The task:
A verbatim copy of the records is required, with all pictures left out.

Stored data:
==================================================

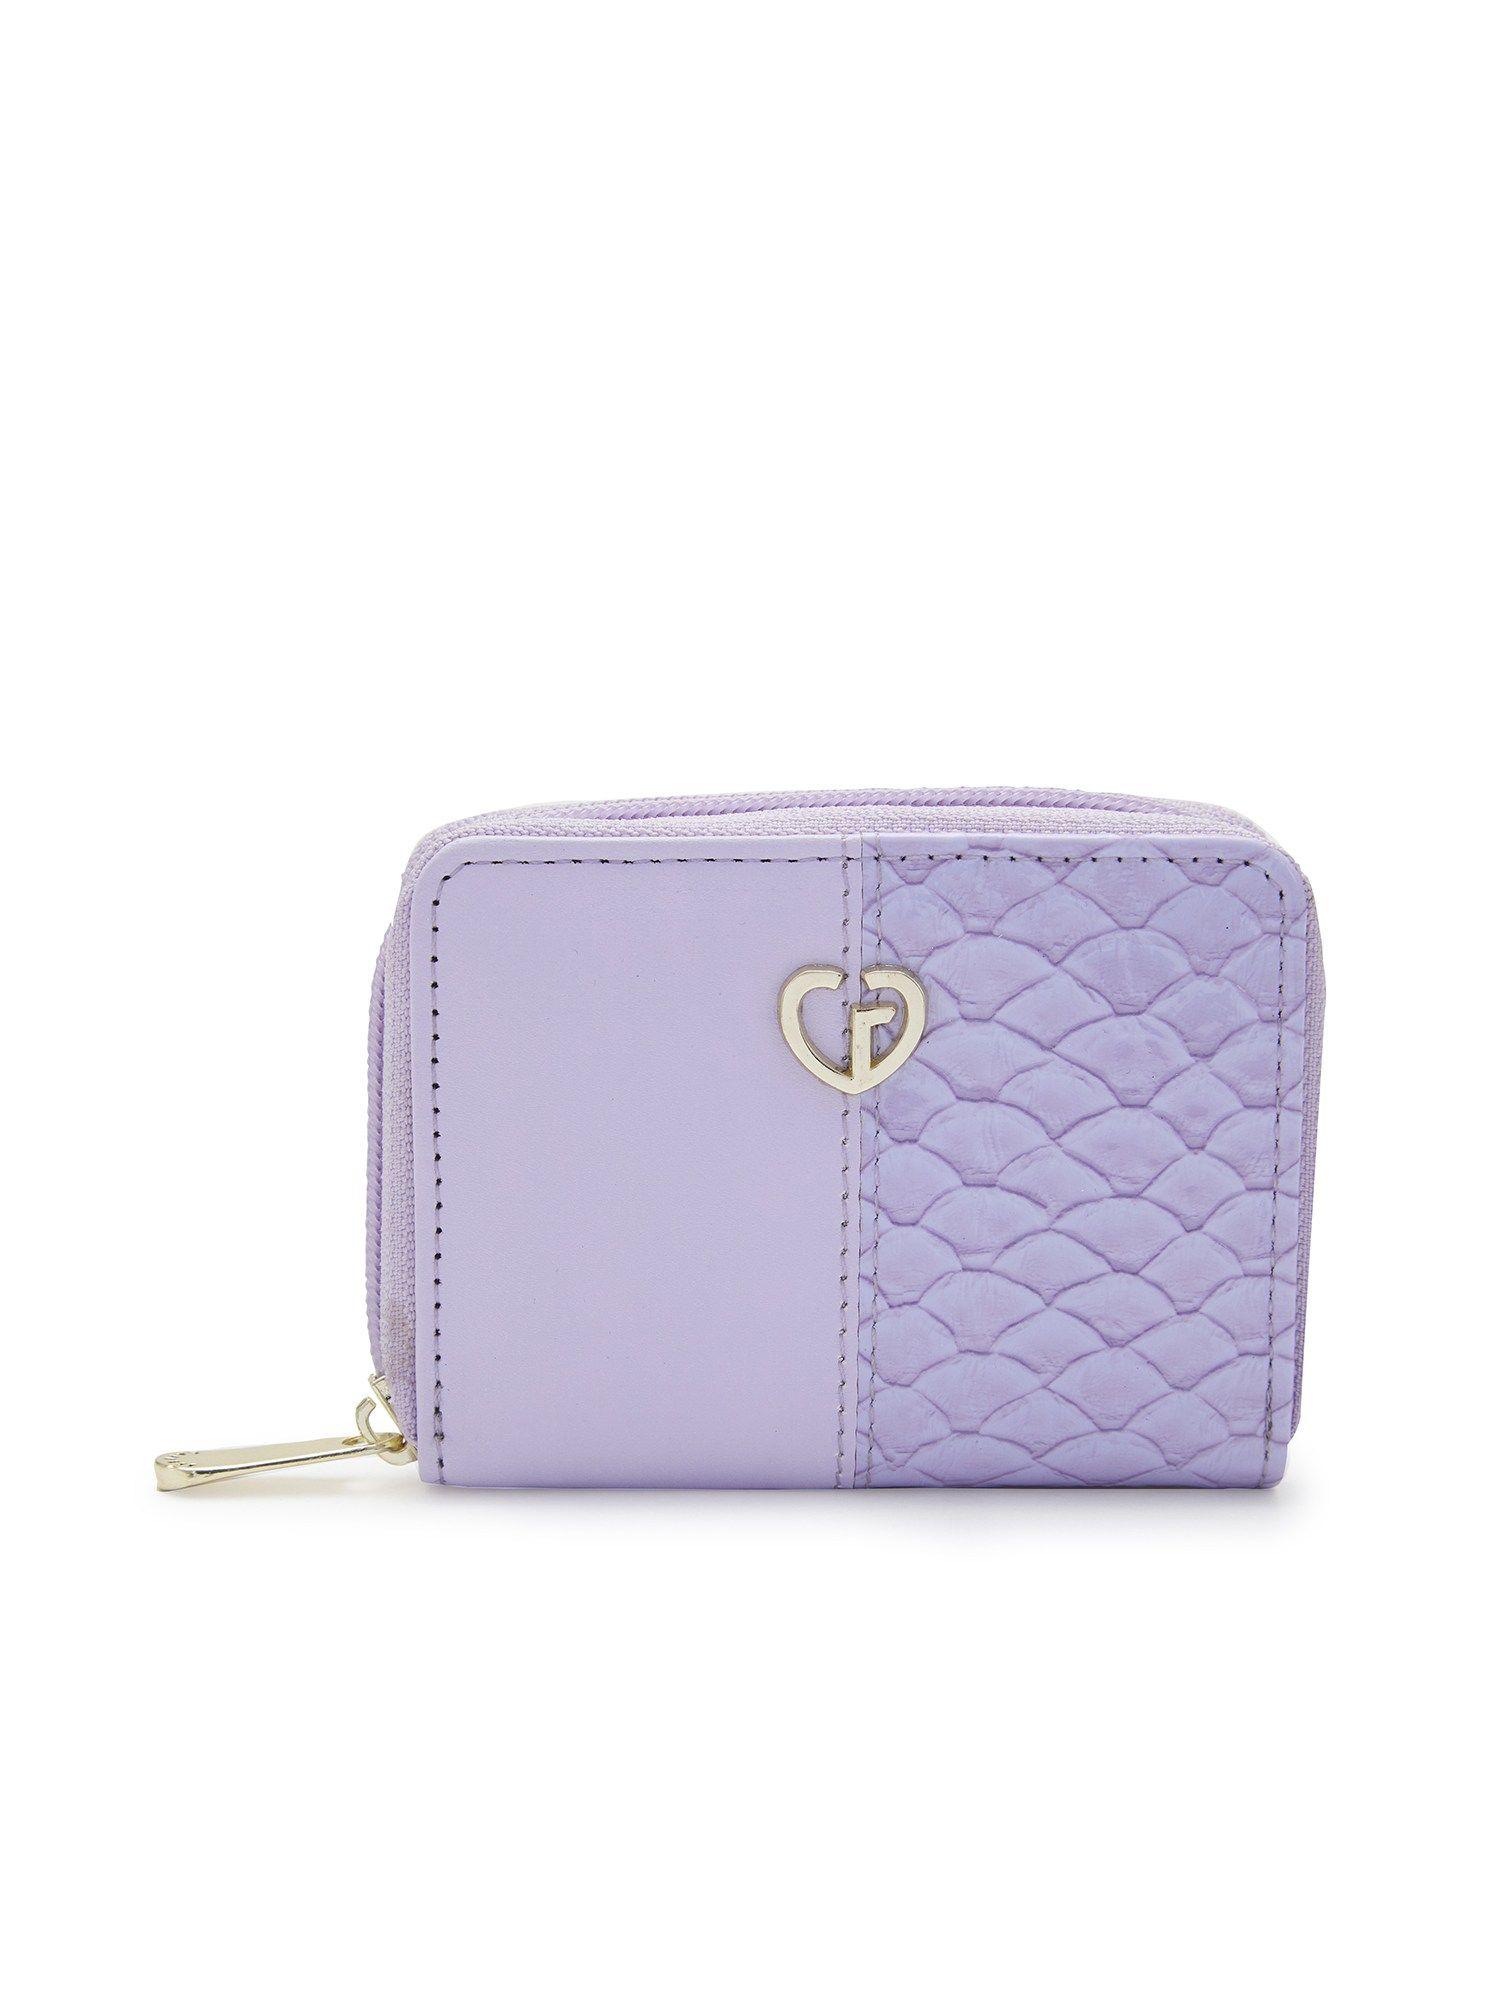 adayla small wallet lilac
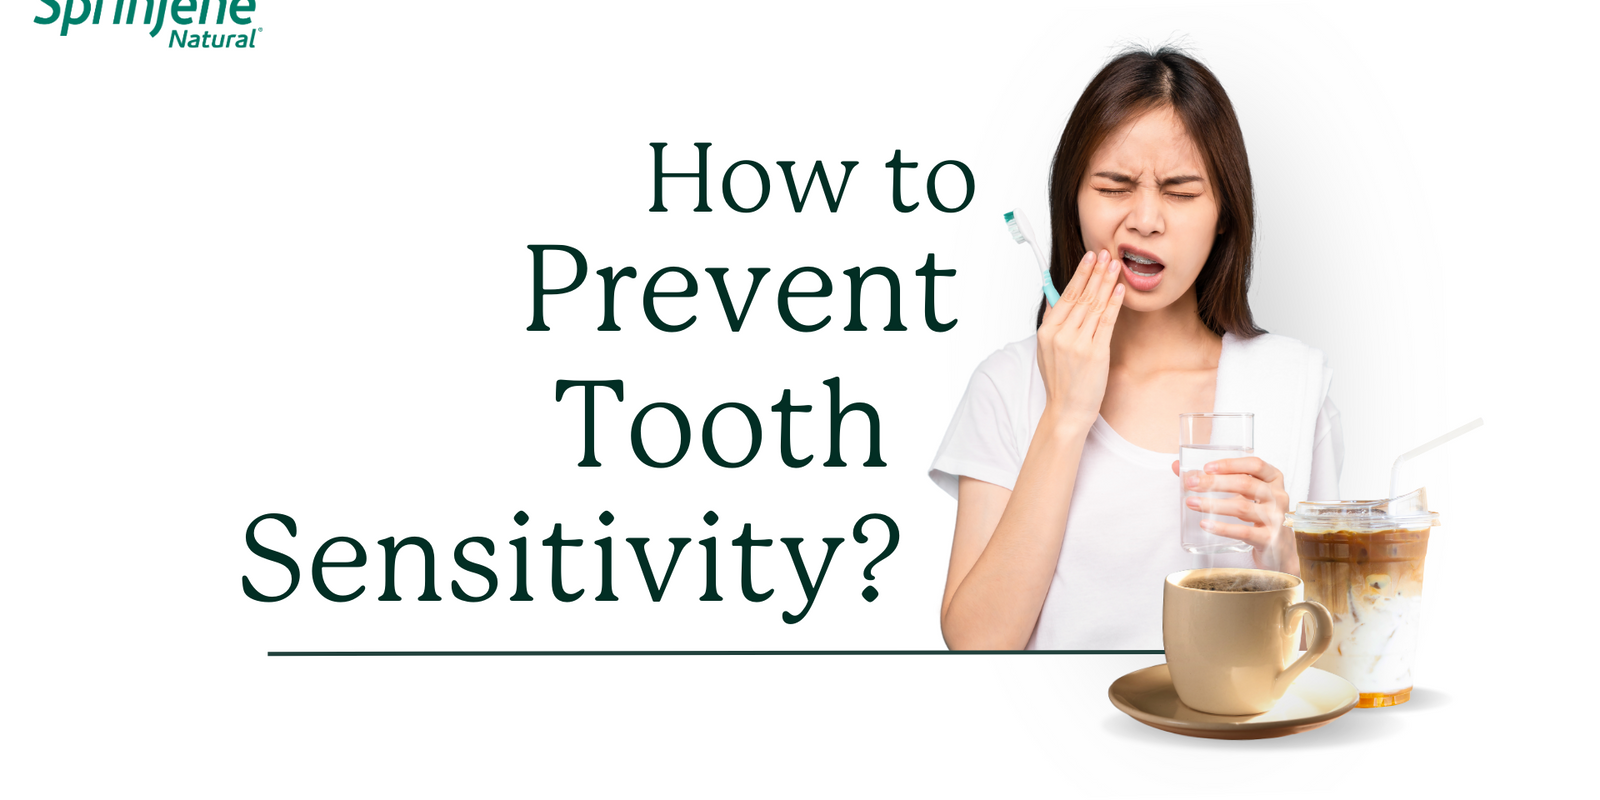 How to prevent tooth sensitivity?
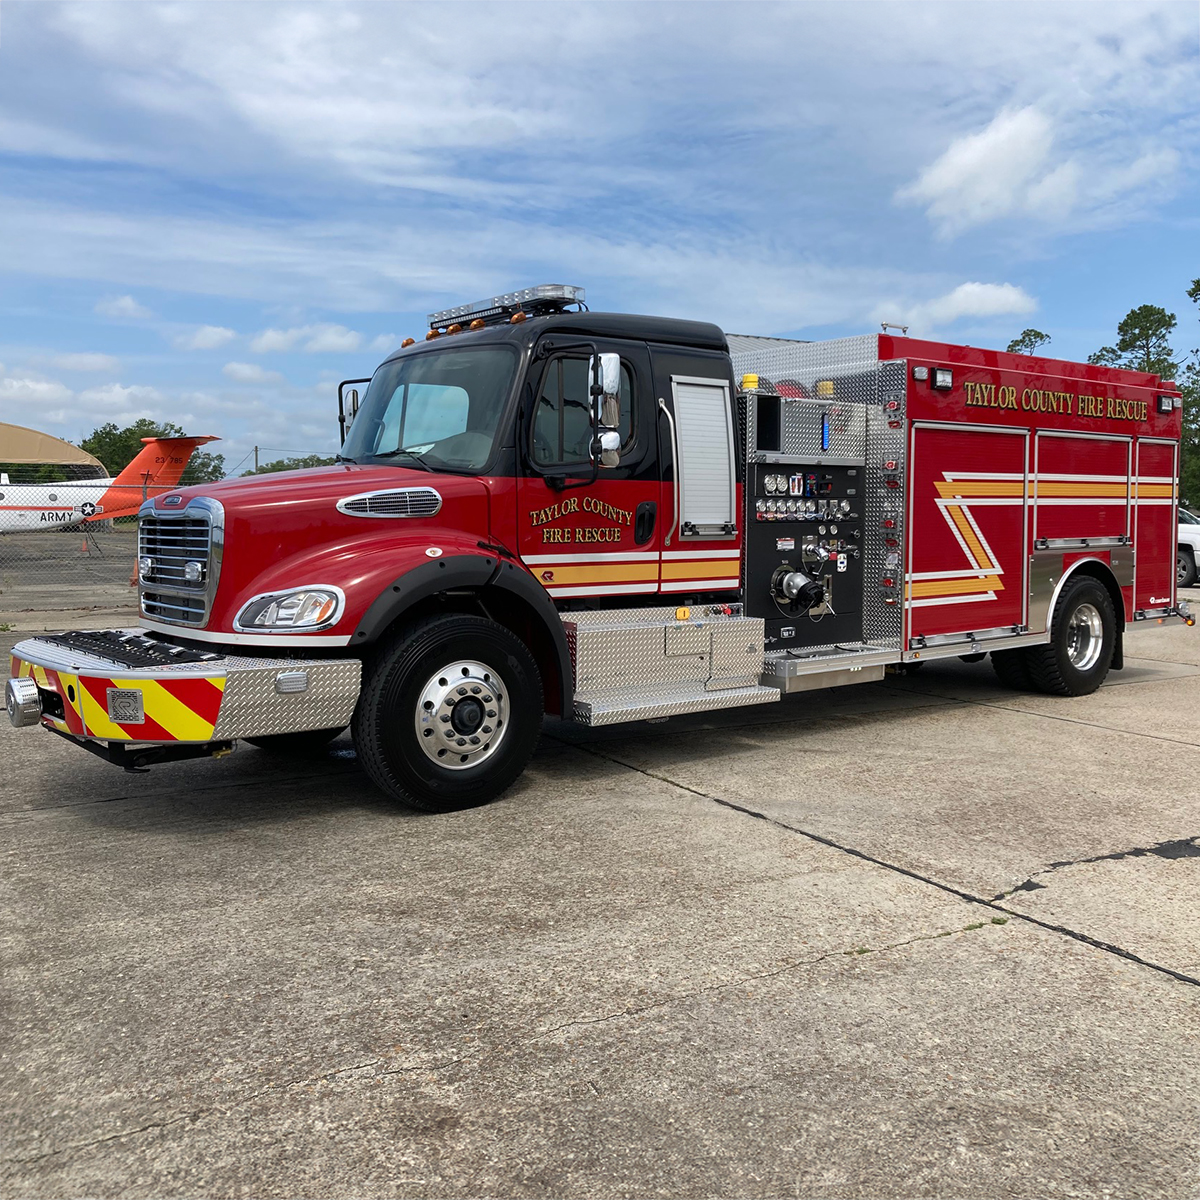 Taylor County Fire Department (FL)
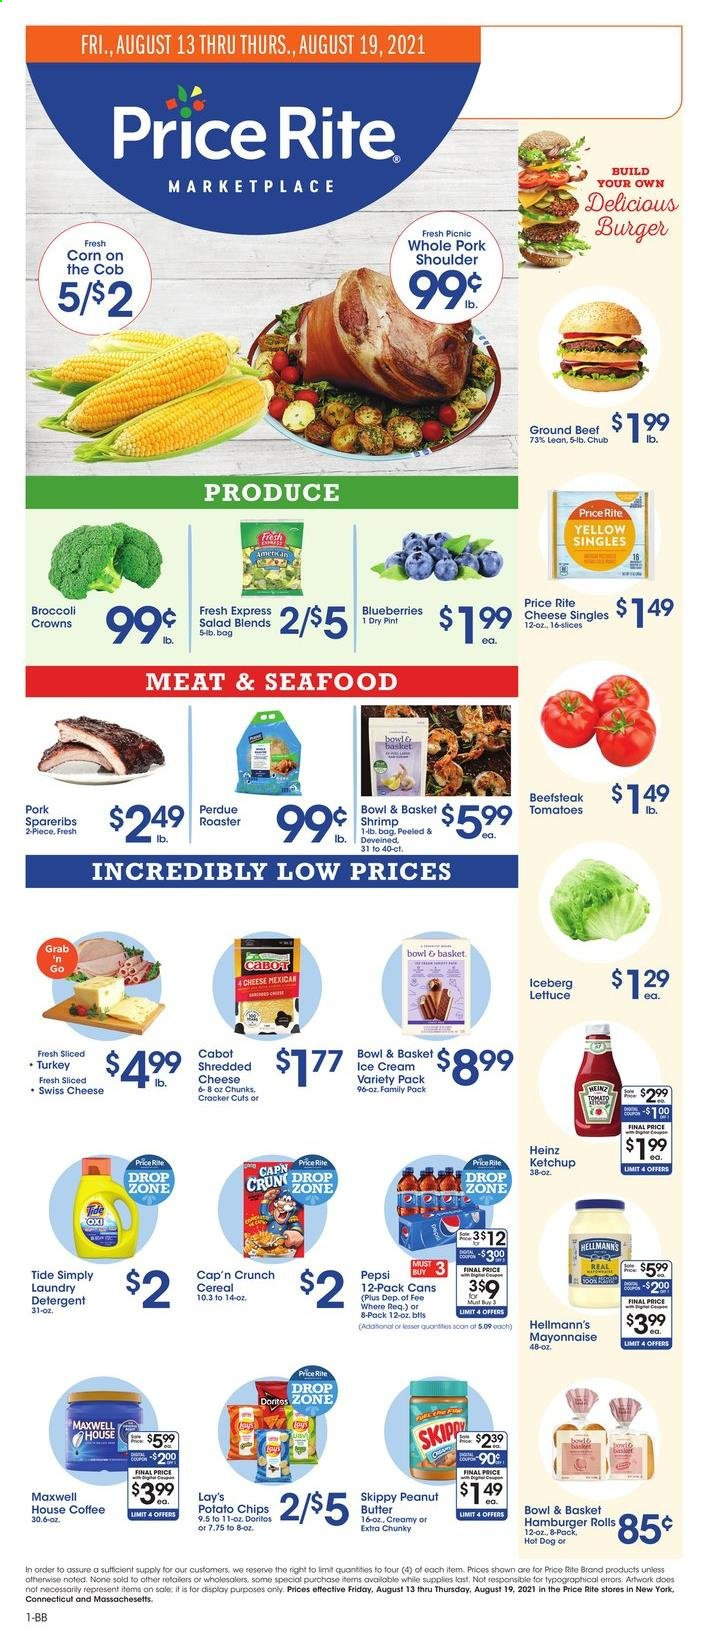 thumbnail - Price Rite Flyer - 08/13/2021 - 08/19/2021 - Sales products - burger buns, Bowl & Basket, broccoli, corn, lettuce, salad, blueberries, seafood, shrimps, hamburger, Perdue®, shredded cheese, swiss cheese, butter, mayonnaise, Hellmann’s, ice cream, crackers, Doritos, potato chips, chips, Lay’s, Heinz, cereals, Cap'n Crunch, ketchup, Pepsi, Maxwell House, coffee, beef meat, ground beef, pork meat, pork shoulder, pork spare ribs, detergent, Tide, laundry detergent. Page 1.
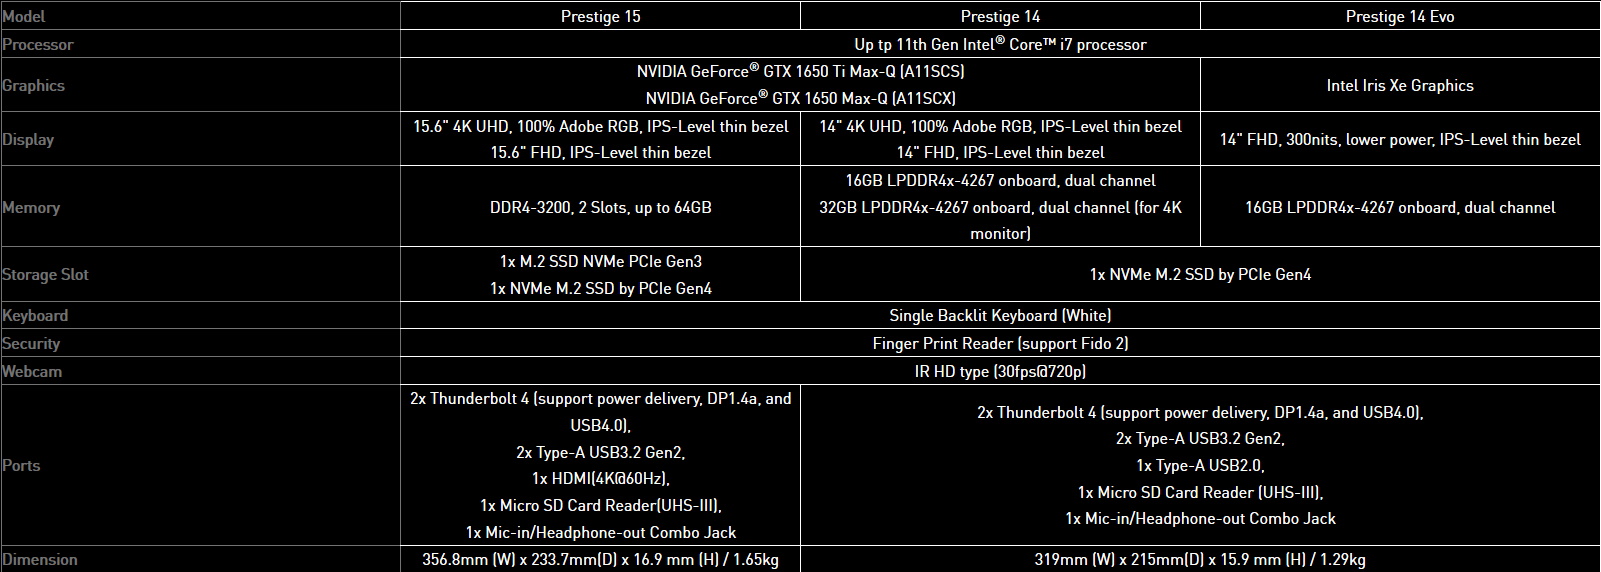 MSI Announces All-New Business Laptops With 11th Gen Tiger Lake CPUs And Optional GTX 1650 Ti

==================================================

Task answer:
 adayla small wallet lilac
 How to prevent tooth sensitivity?
 Taylor County Fire Department (FL)
 thumbnail - Price Rite Flyer - 08/13/2021 - 08/19/2021 - Sales products - burger buns, Bowl & Basket, broccoli, corn, lettuce, salad, blueberries, seafood, shrimps, hamburger, Perdue®, shredded cheese, swiss cheese, butter, mayonnaise, Hellmann’s, ice cream, crackers, Doritos, potato chips, chips, Lay’s, Heinz, cereals, Cap'n Crunch, ketchup, Pepsi, Maxwell House, coffee, beef meat, ground beef, pork meat, pork shoulder, pork spare ribs, detergent, Tide, laundry detergent. Page 1.
 MSI Announces All-New Business Laptops With 11th Gen Tiger Lake CPUs And Optional GTX 1650 Ti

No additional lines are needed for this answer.